We must plan, also, for what may happen in Iraq itself, once the immediate battle is over. There may well be chaos, near-civil war, revenge-taking and the onset of anarchy.
At the end of the Gulf war in 1991, a Shi’ite uprising began and may do so again, once American and other ground troops begin to get the upper hand. Such an uprising could even include Baghdad, where there is a large Shi’ite population.
Last time, the strife was brutally put down by the Republican Guard. Over the years, hundreds of thousands of Shi’ites have been killed by Saddam’s regime. As a result, Shi’ites in the holy cities – Najaf, Basra, Karbala – have old scores to settle and will not be merciful to their Sunni enemies. America and her allies may arrive as liberators, but be compelled to remain as peace-keepers.
America may also have a task to keep Iraq as one entity since, as in 1991, there is a subliminal suspicion among many Arabs that one war aim might be to dismember it. This is not so, but, were it to happen, it would inflame suspicion and hostility throughout the region.
In the north, the Kurds could well manoeuvre for an independent Kurdistan, a long-cherished aim. It is highly unlikely to come about – America, Turkey and Iran will all oppose it – but the wily Kurds will be pushing for it and this may well add to the post-war cocktail of chaos.
And what happens post-Saddam? What nature of government is likely to take power? Another “strong man” might be as bad as Saddam.

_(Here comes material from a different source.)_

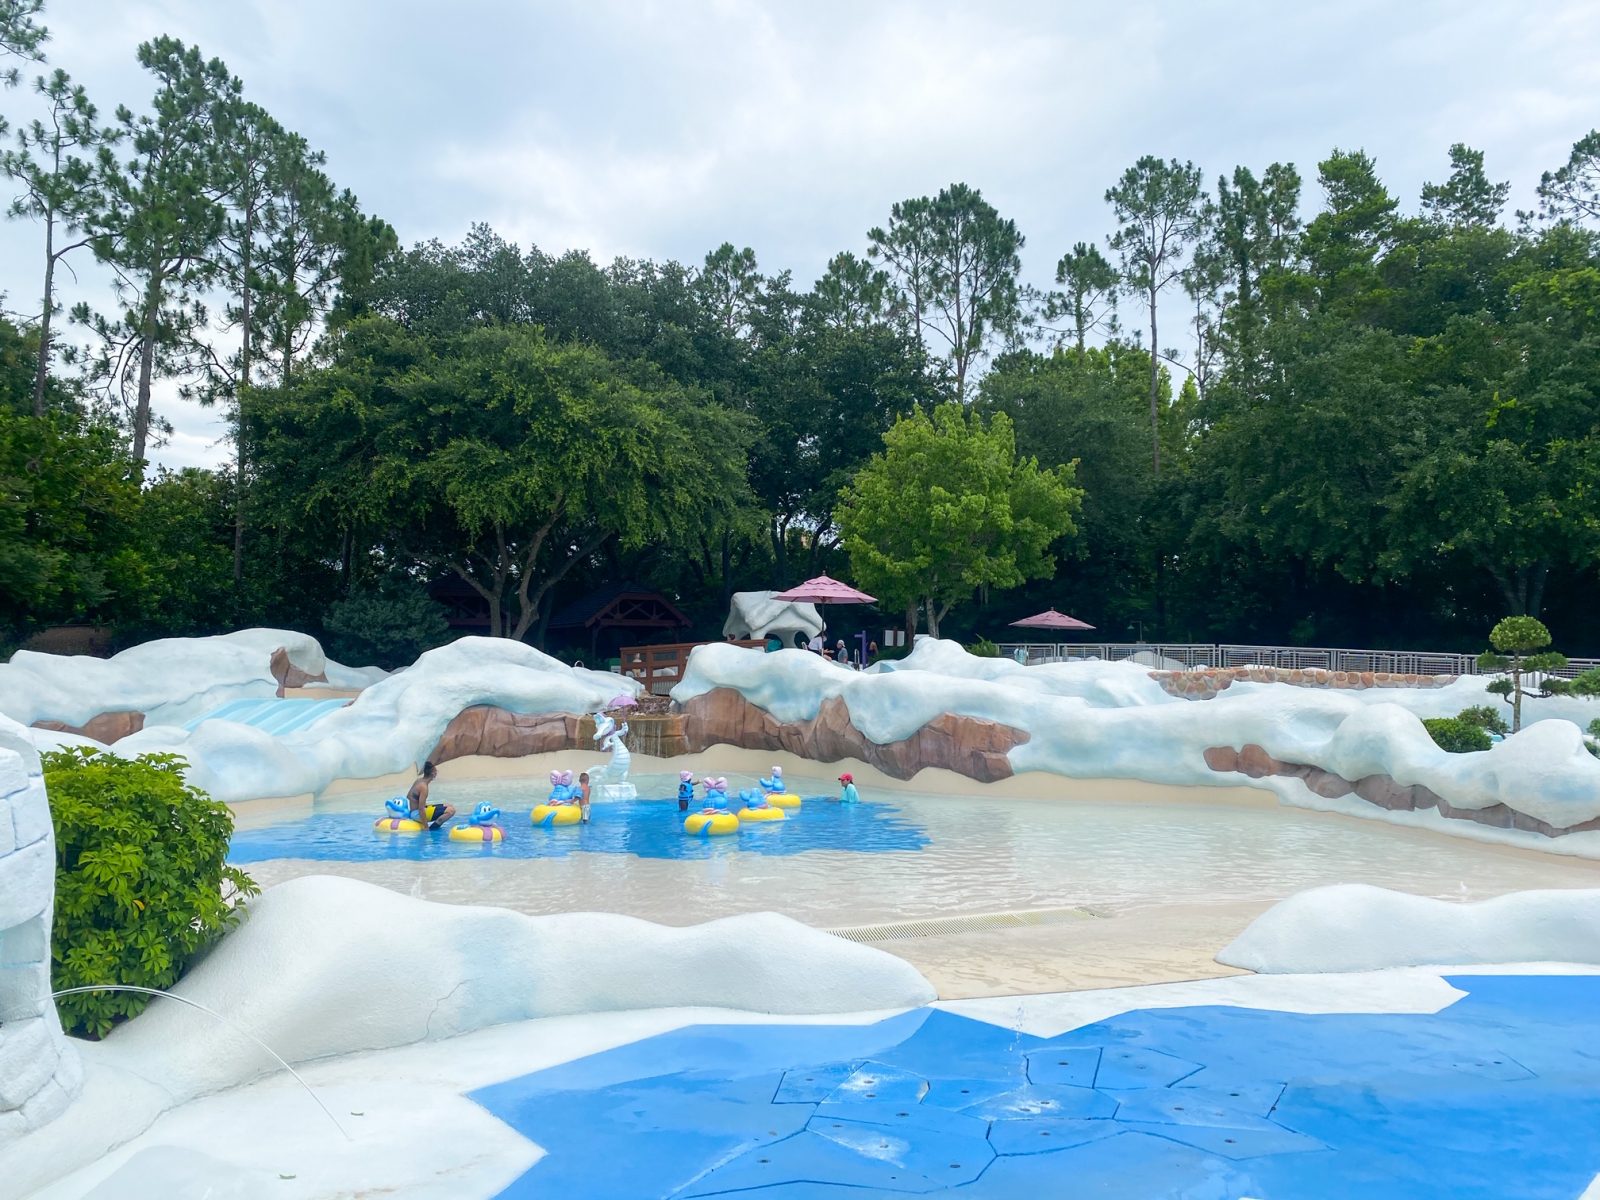 splash pad for kids, fake snow drifts, trees and clouds

America would have great difficulty in governing Iraq, so, no doubt during a UN-supervised interlude, there will be efforts to form a new Iraqi government.
This will not be easy, and the replacement government may not be benign: the concept of a Western-style democracy can be dismissed. In practice, voting by clan would mean that power would pass from the less-than-20 per cent Sunni minority to the overwhelming Shi’ite majority.
This would be bitterly resisted by both Sunnis and Kurds. Even if any new government is dressed up in some form of regional representation and minority involvement, it would still be dominated by the Shi’ites. We would awaken to a Shi’ite Iraq alongside a Shi’ite Iran, which would harbour ambitions to dominate the Gulf. At first, their eyes would turn to the Shi’ite communities in Bahrain and the Eastern Province of Saudi Arabia. The Gulf states would tremble and their tremors would reverberate throughout the region.
The destruction of the whole hideous apparatus of Saddam’s regime has an aftermath with ramifications far beyond Iraq. It would be folly beyond belief to plan only for a swift and successful war, followed by a smooth transfer of power. It may be that not all these problems will arise – but some surely will. We must prepare for the many problems ahead: it would be ironic to win the war, only to lose the peace.
It will not be easy for America and Britain to win hearts and minds for their cause. It is not popular in the Arab world and, unlike 1990-91, there is no Arab coalition for the war. There is little or no regional support either.
Instead, there is resentment and suspicion of the motives of America and Britain, with many voices claiming that a war would have more to do with imperialism and oil than disarmament.
Although these charges are unfounded, they are deeply felt and damaging. To help minimise opposition and build long-term support, America and Britain must have their plans ready for the reconstruction of a war-damaged Iraq; for the renovation of its already-declining oil industry, which they must make clear will be left in Iraqi hands; for the provision of food, water and medicine to a population that will be grievously short of all such necessities; and for dealing with an exodus of refugees to neighbouring countries.
The advocates of war cite the need for Churchillian resolve for their enterprise – and they are right. But when the fighting is done, they will need another Churchillian virtue – magnanimity – or Iraq will sink into despair and the Muslim world will grow still further in hostility to the West. If that were to be the outcome, it would be a calamitous setback in the war against terror.